Not everyone is poised to gain. The Suez Canal Authority announced on Monday that a frantic salvage operation appeared to have partly dislodged the ship. Even if the Ever Given is cleared this week, there will be significant financial fallout, analysts and shipowners say. 


“This crisis led to a lot of losses for freight owners and charterers,” says Ioannis Theotokas, professor of maritime studies at the University of Piraeus. 


Charterers, freight owners and insurers all assume the risks associated with price fluctuations of goods en route, and changes in the length and cost of the journey. 


Theotokas believes a two-week Suez crisis would simulate the effect of war on trade. “It would lead to a replay of what happened in the [1967] Arab-Israeli War, when shipping was redirected around the Cape of Good Hope, and there was an imbalance between demand and supply.” 


The war led to increases on freight costs and consumer prices. 


Problems in port


There is also going to be trouble in the ports of the Mediterranean, which depend on the canal and will now have to deal with a freight backlog. Some 400 ships are reported to be waiting to cross Suez in both directions. 


Here, too, the Greeks play an outsized role. With a throughput of over seven million containers last year, Piraeus is the Mediterranean’s biggest freight port, and fourth biggest in Europe. 


“We’re worried.

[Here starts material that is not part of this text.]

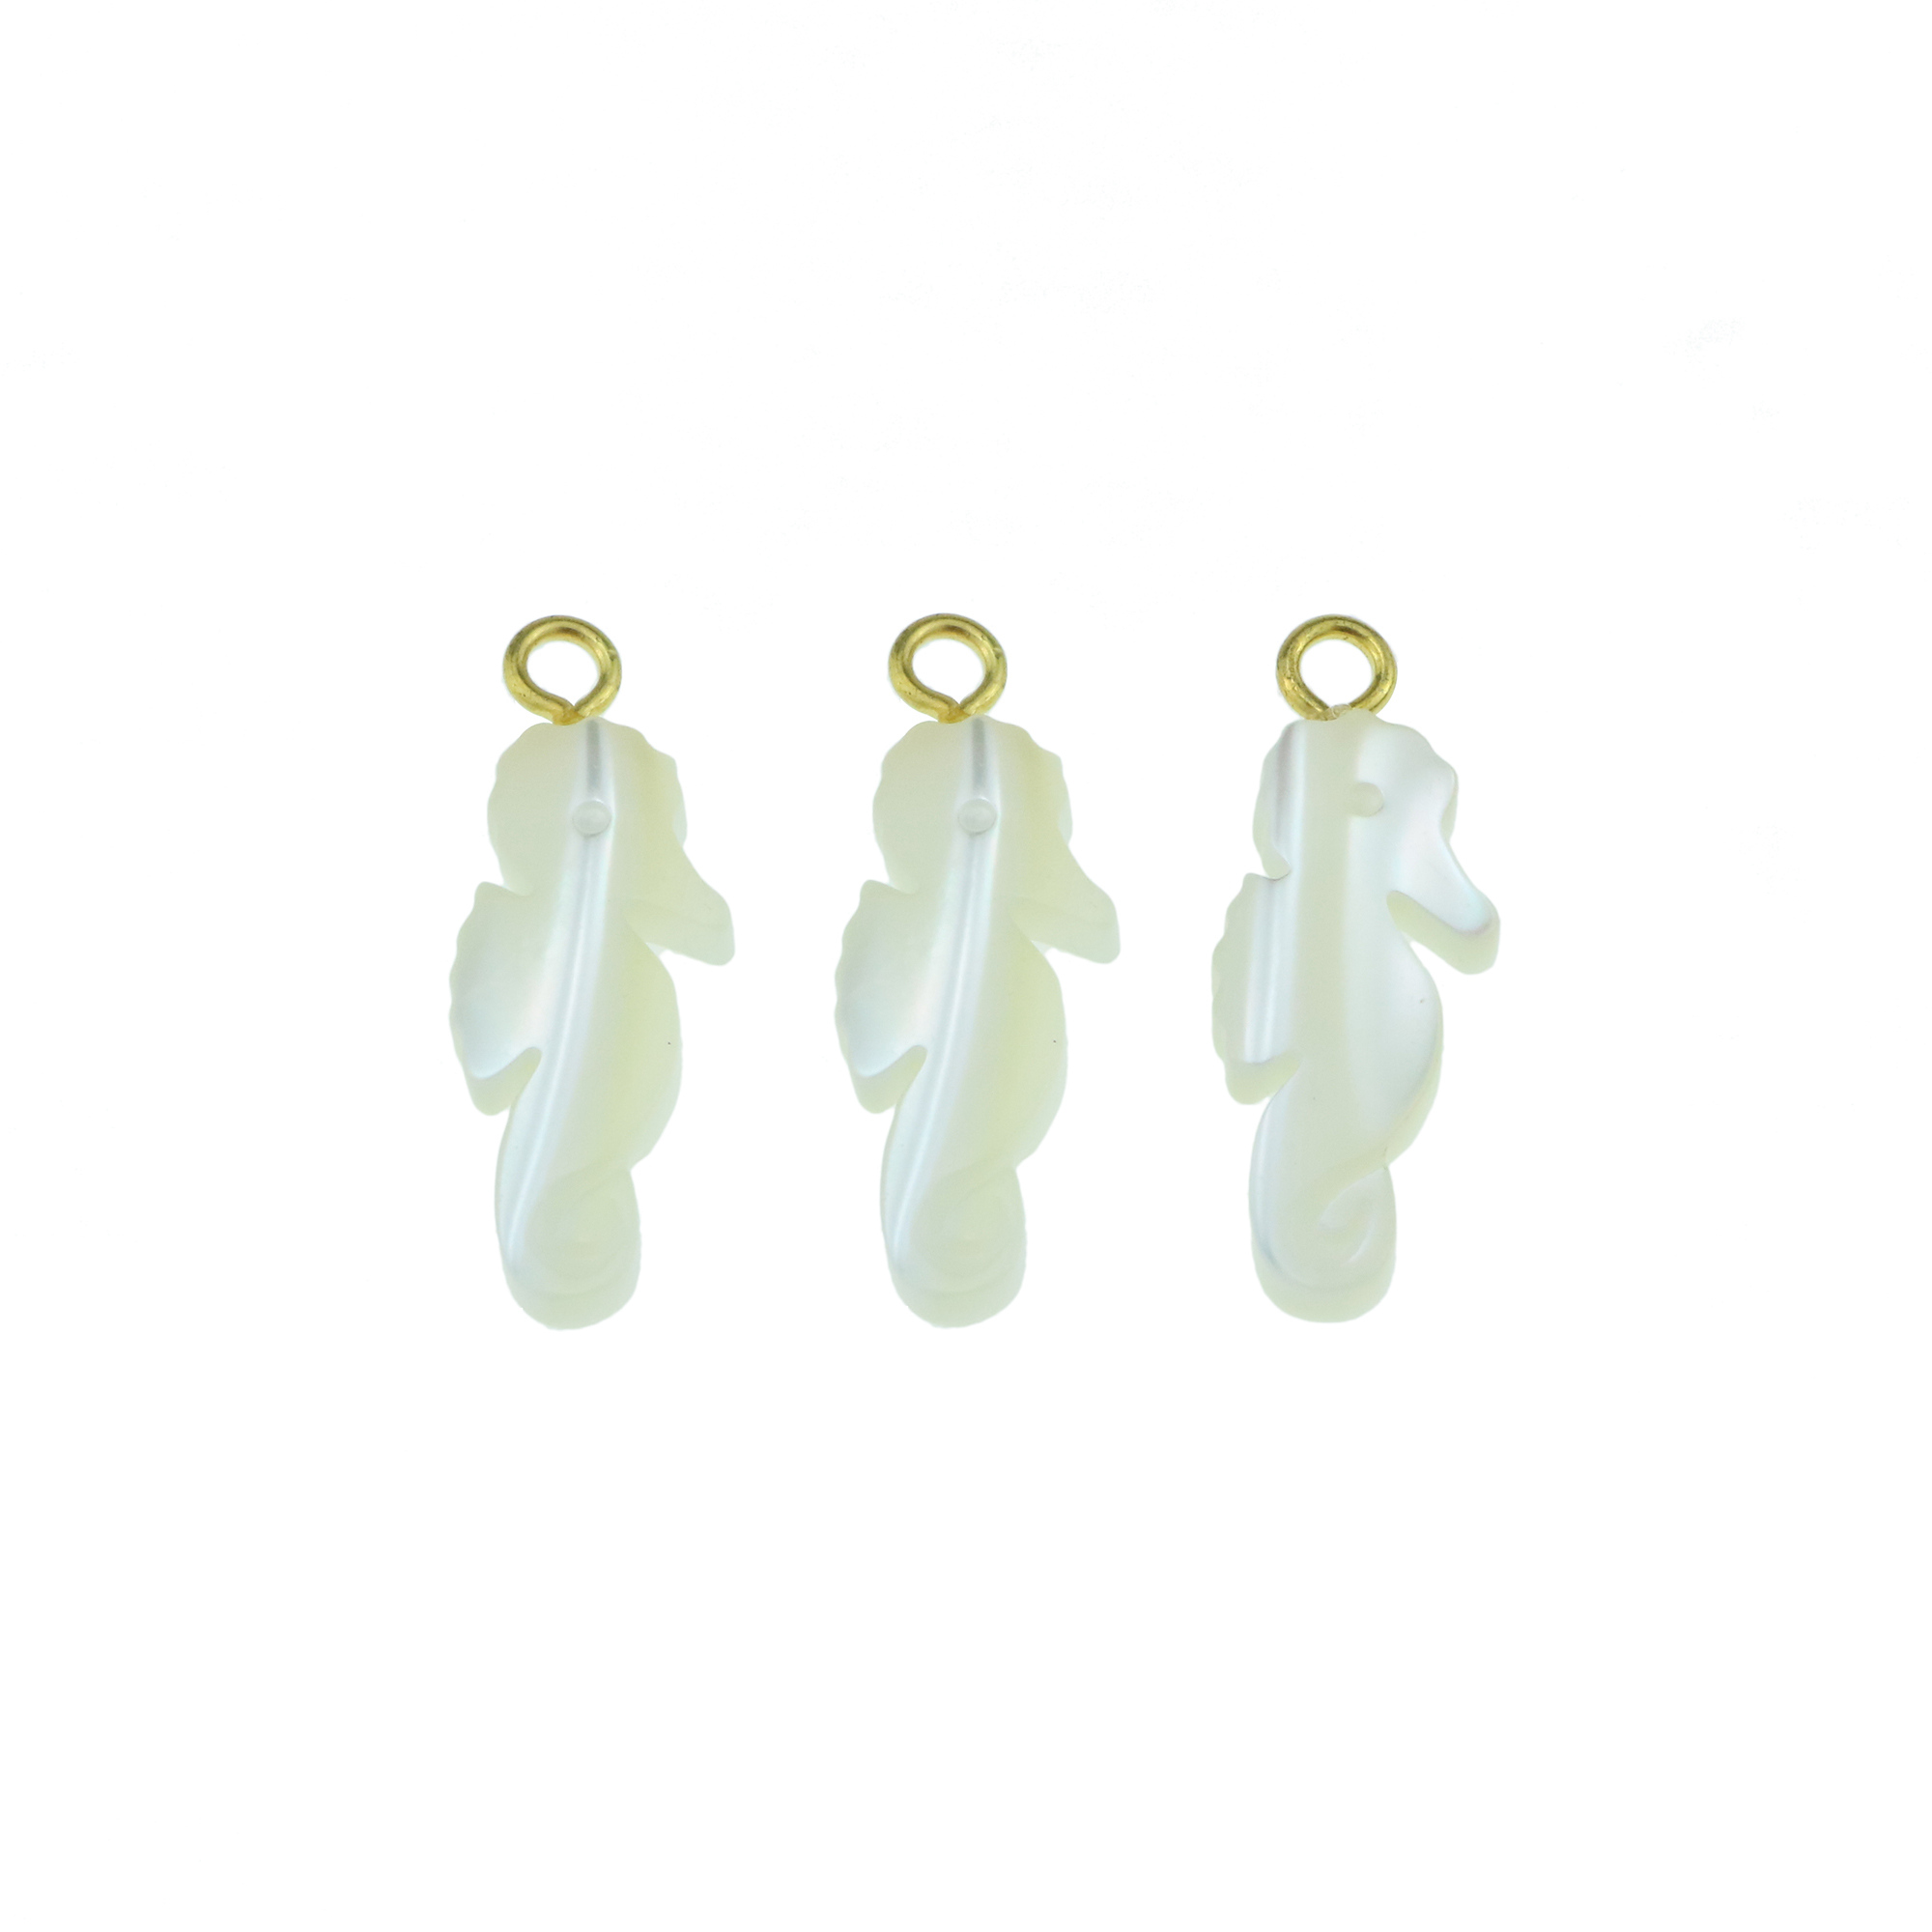 5Pcs 12x20MM White Mother of Pearl Shell Sea Horse Pendant Charm DIY Supplies Findings 1800518 - Click Image to Close

We move about 33,000 containers a day. Multiply that by [a possible delay of] two weeks. The problem will be accumulation of ships that want to be serviced. It will create congestion. It won’t be easy to deal with,” says Tassos Vamvakidis, Commercial Manager of the Piraeus Container Terminal, which handles the bulk of container throughput at the port. “There is limited berthing. There will be delays.” 


More than five percent of global container shipping is now delayed on either end of the Suez canal or rounding the Cape of Good Hope, according to Ports Europe, a dedicated shipping news service. 


PCT does not expect financial losses because there are no cancellations yet. A much longer crisis, however, would imperil new business. The reason is purely geographic, says Gourdomihalis. 


“If you’re in the Indian Ocean, off Singapore or Madagascar, you can change course and go around the Cape. When you’ve arrived at the Sinai peninsula, you have to circumnavigate all of Africa. There it will cost you 2-3 weeks extra. So you wait for clarity.” 


Piraeus - a national project


The Greek government leased two of Piraeus’ container terminals to the China Ocean Shipping Company in 2009, after a seven-year lobbying effort. Greece’s argument was that offloading containers in Piraeus saved a week’s sailing around Europe, lowering costs and speeding delivery. 


Since 2009, COSCO has increased the port’s annual container throughput almost twentyfold, from a starting point of 400,000. In 2016, COSCO bought a 35-year lease for the entire Piraeus Port Authority, and took direct control of the remaining container terminal as well, which it plans to expand. The entire investment is predicated on the use of Suez. 


In a protracted crisis, Piraeus would lose business to Rotterdam and Hamburg on goods still being loaded onto ships in Chinese ports, potentialy taking Piraeus back to its pre-2009 days, says Vamvakidis. “When it comes to containers bound for northern Europe that still haven’t set sail, there we [would] have great losses.” That scenario now appears to be fading. 


Historic highs


Global trade briefly stopped flowing through Suez in 1956, when Egyptian President Gamal Abdel Nasser nationalised the canal in 1956, and for a period of eight years beginning with the Arab-Israeli War in June 1967. 


On both those occasions, shipping rates soared, making shipowners rich. “My father used to remember those days with joy,” says Gourdomihalis. 


In 1956, the legendary Aristotle Onassis feared he might go bankrupt, after US oil companies forced Saudi Arabia to cancel a contract naming him the exclusive conveyor of Saudi oil. The closure of Suez allowed Onassis to save his company, when oil conveyancing rates went from $4 a tonne to $60. 


Such a bonanza is not expected now, however. For freight rates to rise that much, a closure of months would be necessary.